# [Task item]
Pictures are to be dropped. Everything else in the listing gets copied exactly.

# [Recorded data]
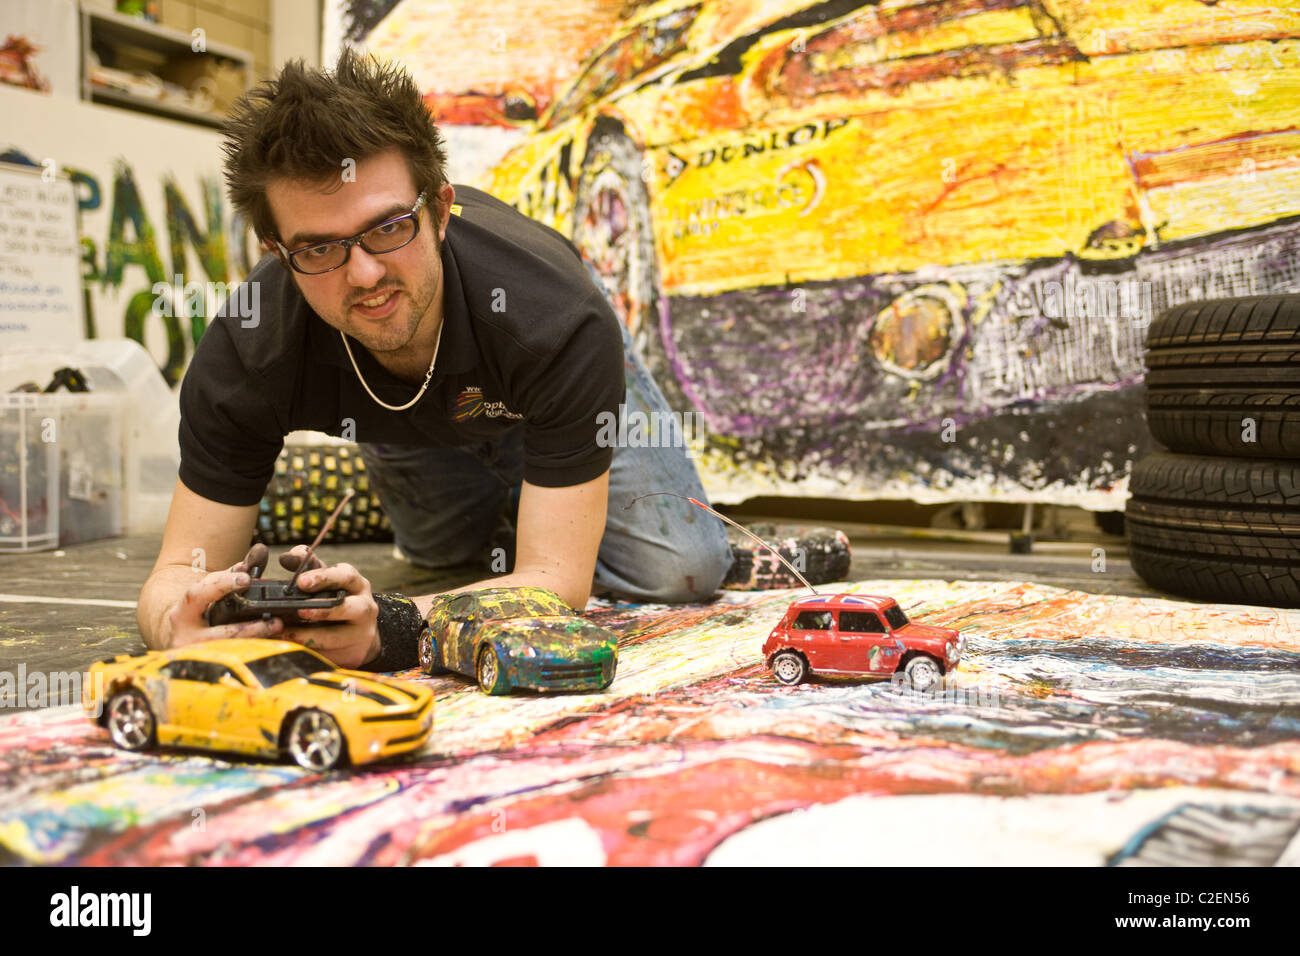 11.4.2011 Ian Cook, die Autos mit remote gesteuerten Spielzeugautos und  Reifen um zu malen mit Farben Stockfotografie - Alamy
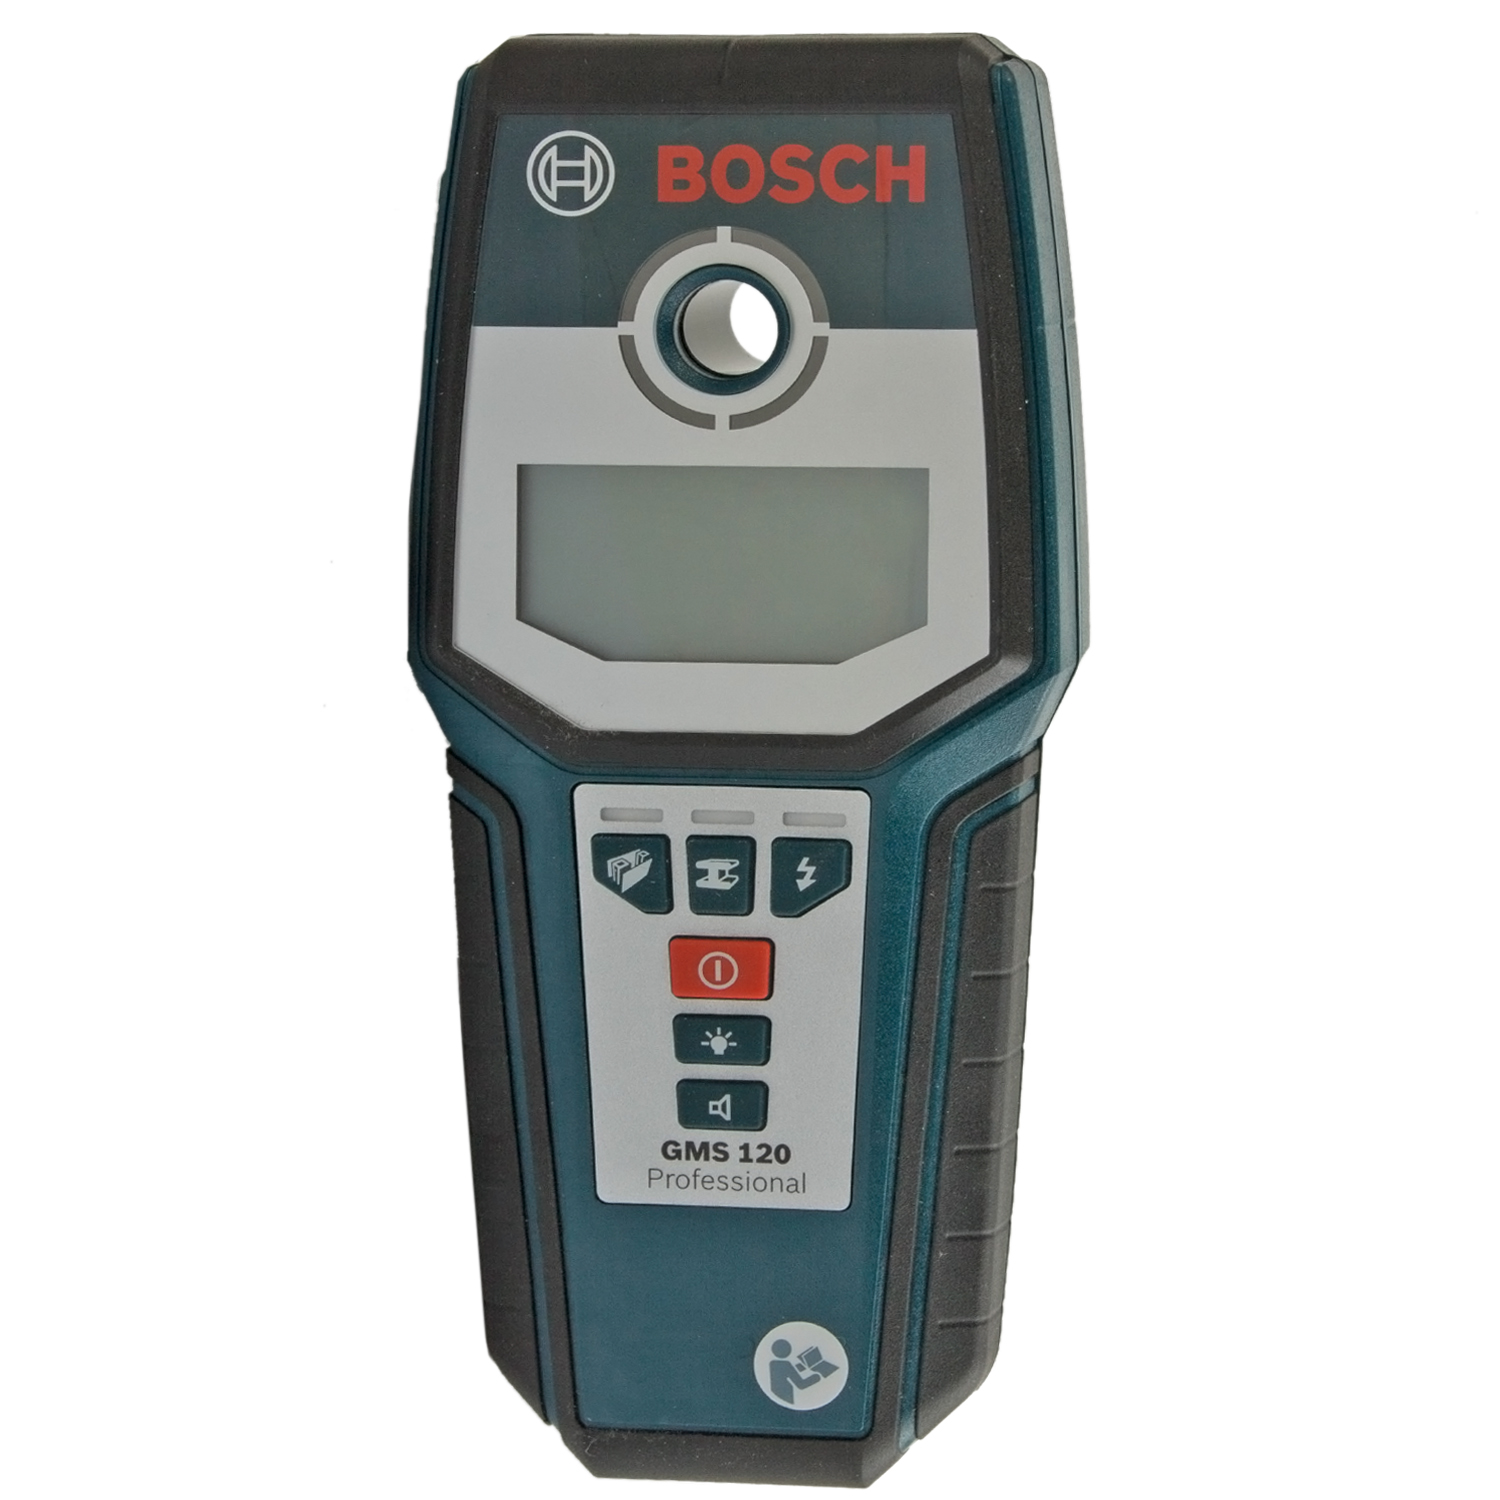 Bosch 120 детектор. Детектор Bosch GMS 120. Детектор металла Bosch GMS 120 Prof. Bosch professional gms120prof. Детектор скрытой проводки Bosch GMS 120.
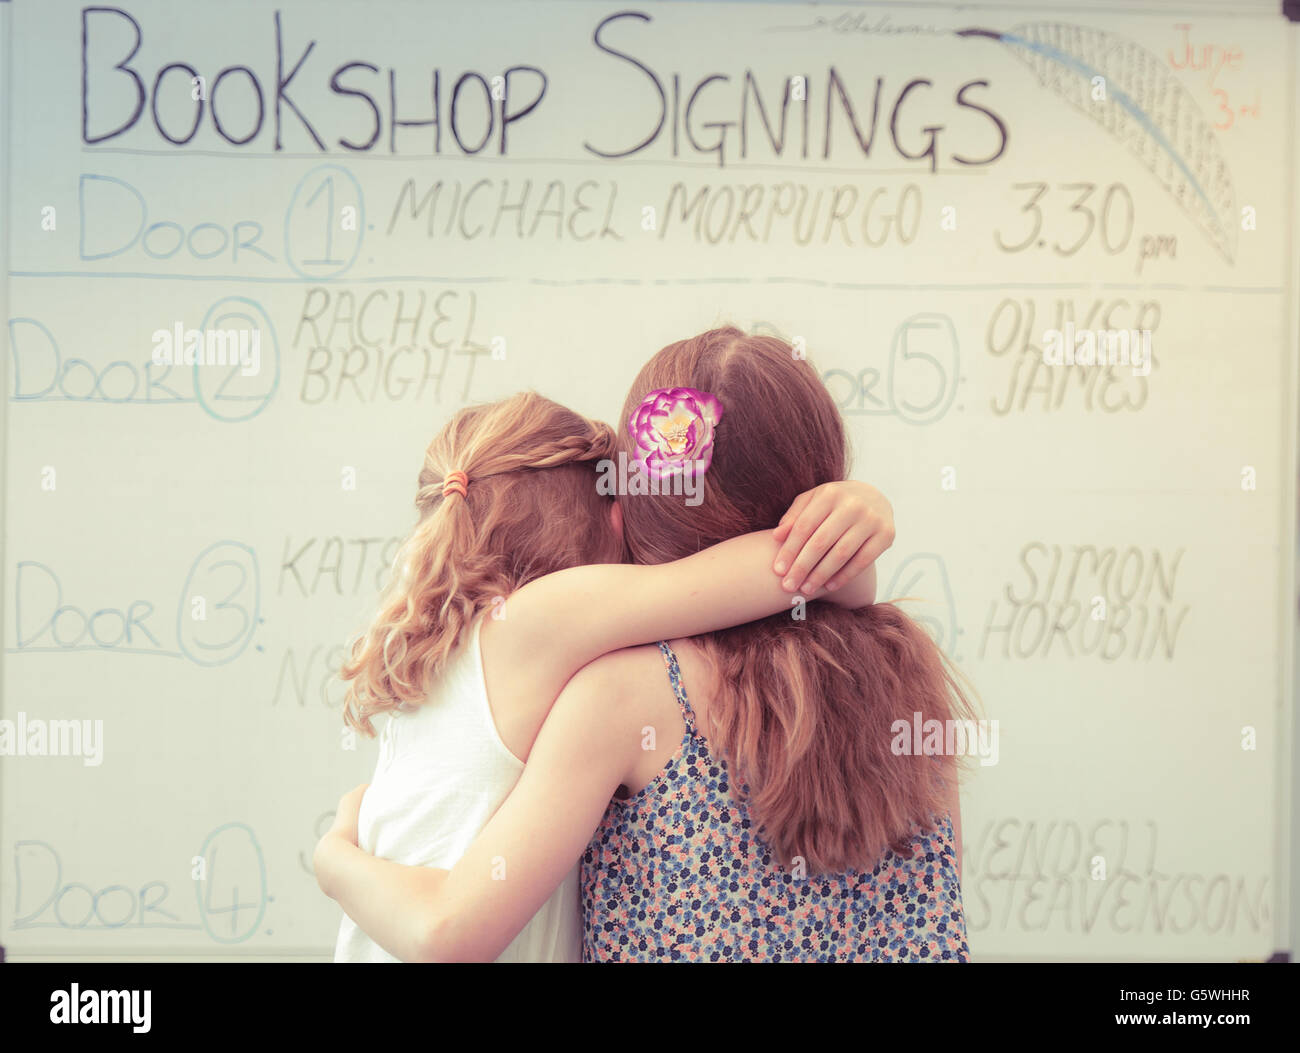 Vista posteriore di due ragazze alla ricerca presso il bookshop libro firma calendario presso la Hay Festival della letteratura e delle arti, Hay on Wye, Powys, Wales UK, Giugno 03 2016 Foto Stock
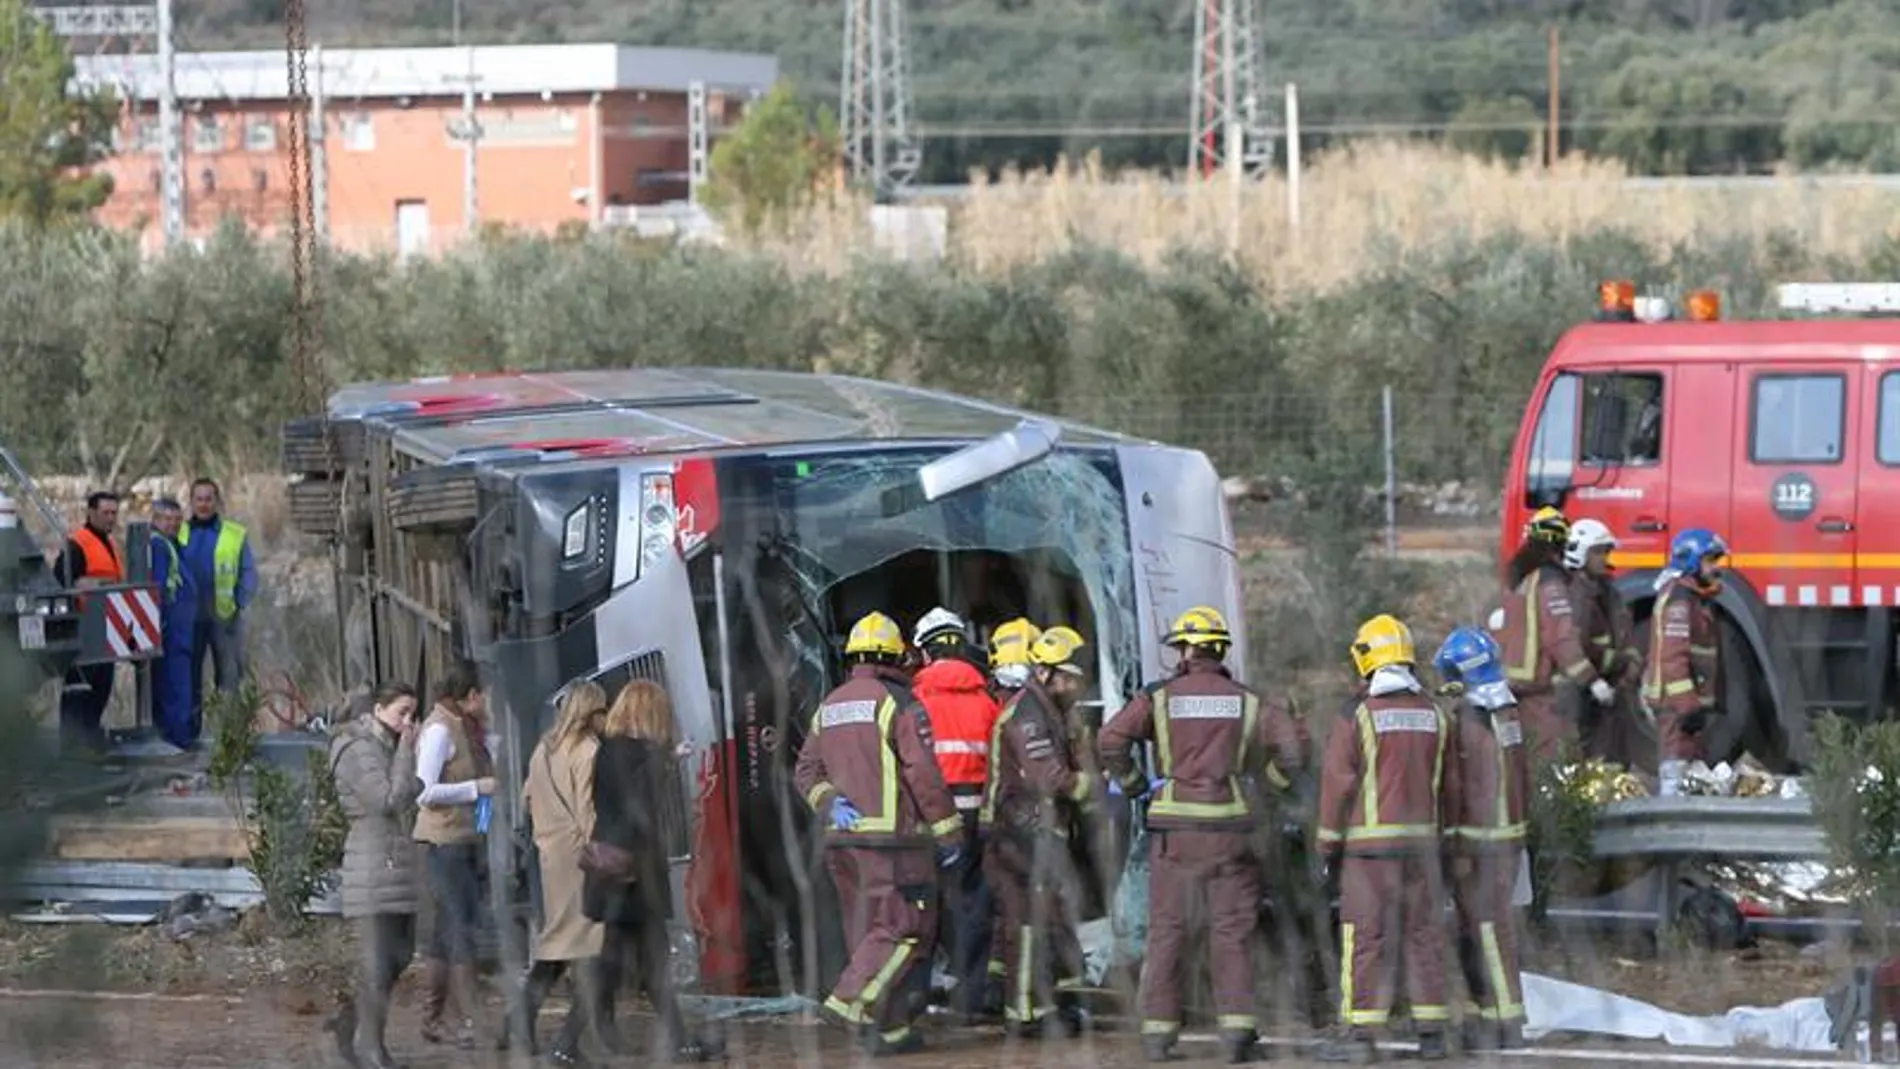 El autocar siniestrado transportaba estudiantes de Erasmus de diversas nacionalidades

# [Solution]
 11.4.2011 Ian Cook, die Autos mit remote gesteuerten Spielzeugautos und  Reifen um zu malen mit Farben Stockfotografie - Alamy
 Bosch 120 детектор. Детектор Bosch GMS 120. Детектор металла Bosch GMS 120 Prof. Bosch professional gms120prof. Детектор скрытой проводки Bosch GMS 120.
 Vista posteriore di due ragazze alla ricerca presso il bookshop libro firma calendario presso la Hay Festival della letteratura e delle arti, Hay on Wye, Powys, Wales UK, Giugno 03 2016 Foto Stock
 El autocar siniestrado transportaba estudiantes de Erasmus de diversas nacionalidades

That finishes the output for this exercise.